TF1 dispose des droits sur « Dexter » mais aura tardé à les utiliser. La deuxième saison vient de débuter pour quelques mercredis soirs tardifs. La TSR n’a peut-être pas trouvé d’accord avec sa nouvelle concurrente publicitaire pour une diffusion en avant-première. Une collaboratrice de la TSR a fait savoir que ce sont des raisons morales qui conduisent à ne pas diffuser cette série. Les mêmes raisons eussent été valables pour « 24 heures chrono ». Il paraît même que « True Blood » qui atteint des sommets dans le gore, est moins dangereux que « Dexter » puisqu’il s’agit de vampires, de fées, de loups-garous, d’humains. Seulement, une interprétation possible de la série peut s’en aller du côté des Sudistes contre les Nordistes et de ceux qui oscillent entre les deux camps.
Mais le rejet de « Dexter » est plus ancien. Il est le fait du responsable de la programmation en 2006, Yves Menestrier. La collaboratrice de la TSR ne fait qu’appliquer une décision ancienne et la défendre.
« Délivrance », lointain souvenir
Me reste en mémoire, peut-être dans un certain flou, une déclaration d’un ponte de la TSR au début des années septante affirmant que, au grand jamais celle-ci montrerait un film comme « Délivrance » de John Boorman.
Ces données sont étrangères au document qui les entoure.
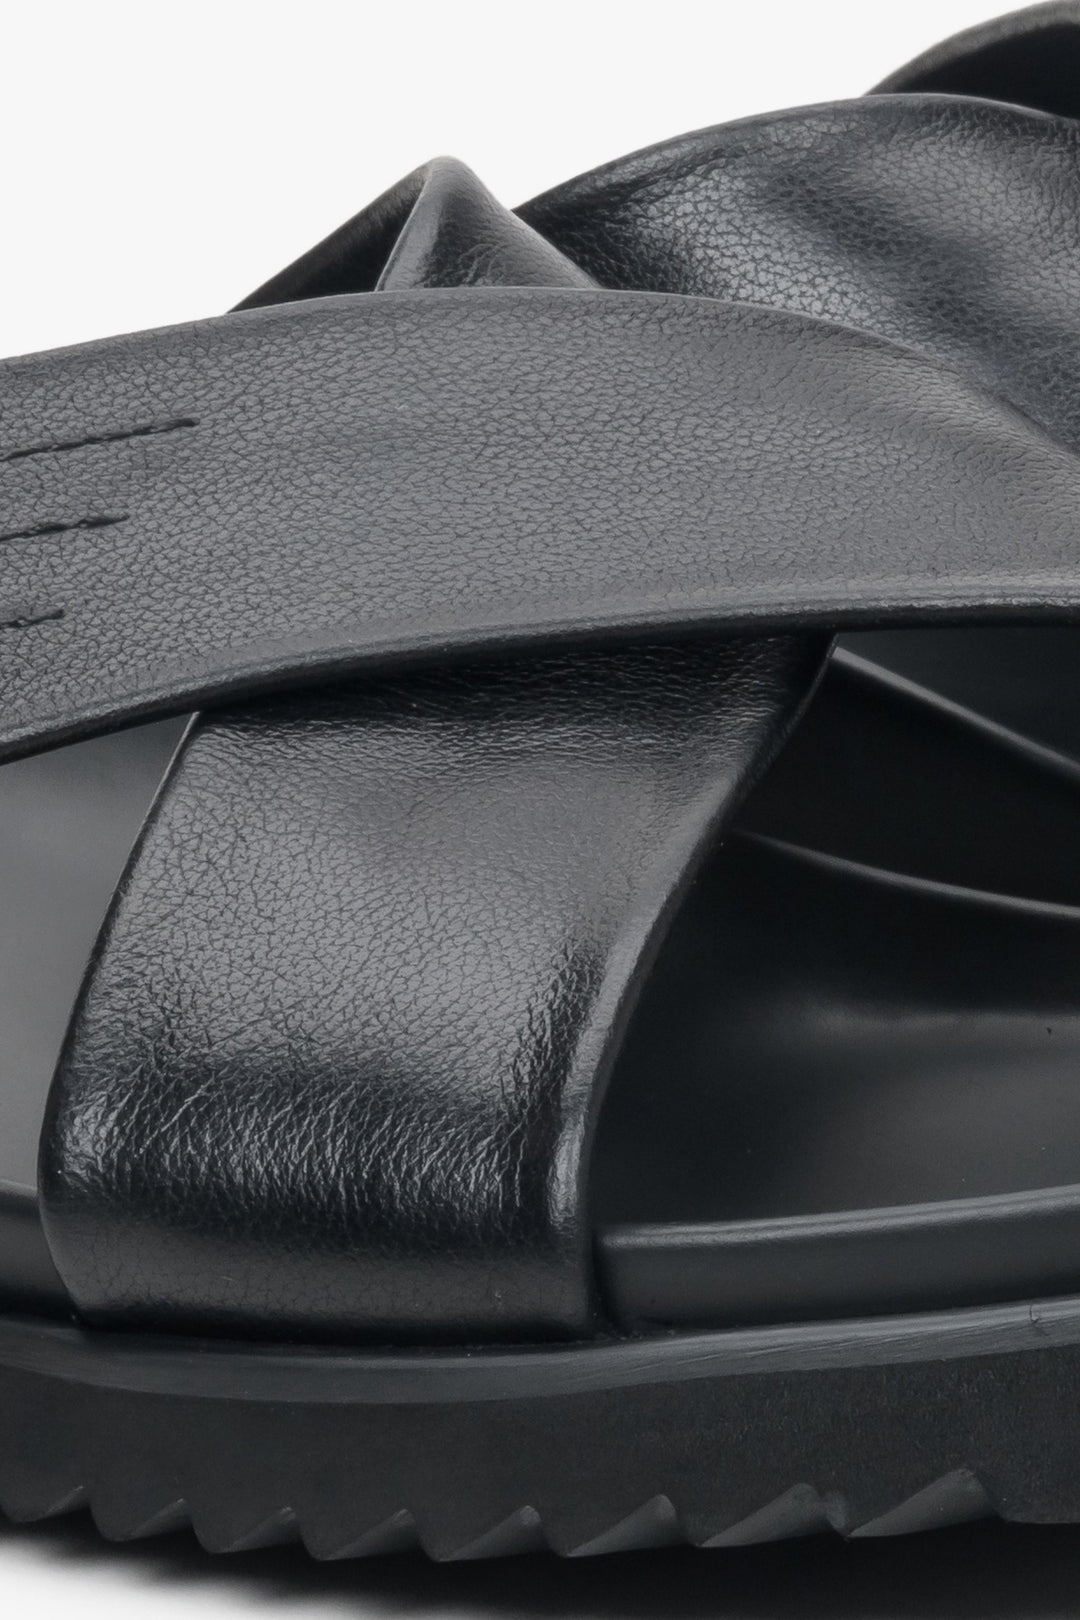 Men's black leather  sandals by Estro - close-up on the details.

Le film n’est-il jamais arrivé depuis lors sur notre antenne ? On doit avoir oublié l’ancienne déclaration. Une décision prise il y a cinq ans devrait pouvoir être revue. Interdire d’antenne *Dexter” revient à un geste de censure sournois et hypocrite. Même en 2011 !
Les premiers rideaux de la TSR
De 19h30 à 21h00, la TSR fait la part belle à l’information de rapide à développée, contribuant à lui donner son excellente réputation. Mais les structures de certaines émissions, le « 19 :30 », « Mise au point », « Toutes Taxes Comprises », sont les mêmes d’un jour ou d’une semaine à l’autre, au point d’installer une certaine lassitude seulement combattue par l’intérêt personnel accordé au sujet.
Toutes Taxes Comprises
« Toutes Taxes Comprises » ( lundi 29 août 2011) n’aborde qu’un seul sujet, le franc fort, trop pour le tourisme et l’industrie d’exportation. Voilà qui doit éloigner ce sentiment un peu trop fréquent que le sujet commence vraiment quand les huit minutes sont écoulées. Bonnes remarques sur ces « sinistres » agences d’information qui jouent du « A » ! On y parle « spéculation » : l’exemple du jeu de bourse suffit-il à en faire comprendre le mécanisme prédateur ?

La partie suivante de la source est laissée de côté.